Zatrzymał się wreszcie, a to z prostego powodu – dalszą drogę zagradzała furta. Nieznajomy naparł na nią, jednak była zamknięta, co oczywista nie dziwiło o tej porze.
– Do kroćset! – zaklął i uderzył w nią pięścią, metal zaś odpowiedział mu niskim dźwiękiem.
Może właśnie taka muzyka grała jeszcze przed paroma chwilami w głowie nieznajomego, bo przecież w każdym człeku coś gra, jakaś ulubiona melodia czy choćby taka, co ledwo przed chwilą mu do ucha wpadła, a to już wystarczy, wiecie to sami, żeby nie mógł się od niej długo uwolnić. W tym przypadku byłby to może nawet Cwał Walkirii Richarda Wagnera. W takt tej muzyki dobrze się maszeruje, nawet gdy droga wiedzie pod górkę.
Tyle że on już doszedł. Co dalej?
Ledwo o tym pomyślał, kilkadziesiąt kroków dalej ktoś otworzył drzwi wejściowe piętrowego budynku.
– Kogo tam licho niesie? – zawołał kobiecy głos.
– Szczęść Boże – odpowiedział przybysz.
– Że co?
Stojący przed bramą człowiek nie odpowiedział. Zwyczajowe powitanie, nawet gdy ktoś niezbyt grzecznie pyta, miało wystarczyć. Po chwili drzwi trzasnęły, ale zamknięto je z tej strony. Kobieta już do niego szła. Ciekawe, czy tak tu było zawsze, czy może przybysz czymś sobie na to zasłużył. Jak to było? Głodnych nakarmić, spragnionych napoić, podróżnych w dom przyjąć.
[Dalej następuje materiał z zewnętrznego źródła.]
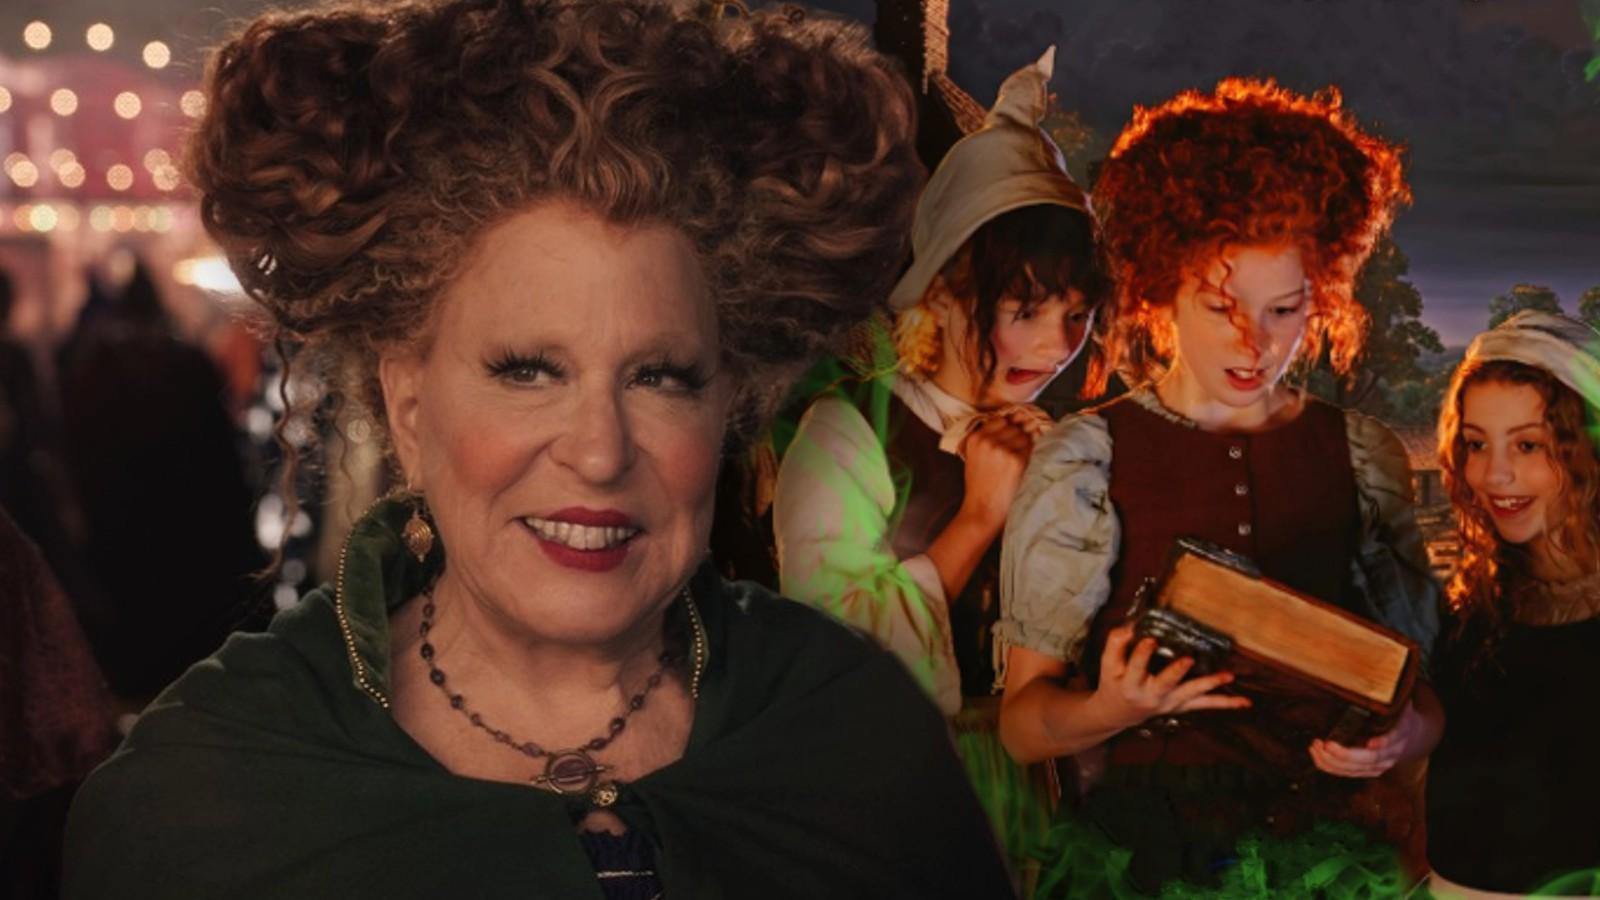 Bette Midler in Hocus Pocus 2 and the fake poster for the prequel

– O co chodzi? – zapytała, kiedy już była blisko bramy, by zaraz fuknąć: – Już zamknięte!
Przybysz zdjął nakrycie głowy i odezwał się w te słowa:
– Przepraszam, żem zakłócił spokój majestatu.
– Ale o co chodzi? – powtórzyła kobieta, najpewniej była to księża gospodyni. – Mówcie śmiało – dodała nieco cieplej.
– W drodze zastała mnie noc. Od rana nic w gębie nie miałem, a wszystkie karczmy już zamknięte. Zresztą pewnie i tak nie miałbym nawet na skromną wieczerzę. Myślę więc sobie, idź, Ignaz, do katedry, tam na pewno nie odmówią ci kromki chleba.
Głos tego człowieka wydawał się młodszy niż można było sądzić z wyglądu.
– A na plebanii w świętym Mikołaju pytał Ignaz?
– Tam na dole? – Wędrowiec wskazał palcem w bok.
– A tam na dole. To jest kościół dostępny dla mieszkańców miasteczka.
Pokręcił głową. Nie, nie zaglądał na tamtejszą plebanię. Może jednak trzeba będzie jakoś myśl rozwinąć, na szybko wymyślić jakieś kłamstwo, coś bardziej przekonującego niż to, że nie zauważył kościoła. Że go na przykład psami poszczuli. Przecież słyszał wyraźnie szczekanie.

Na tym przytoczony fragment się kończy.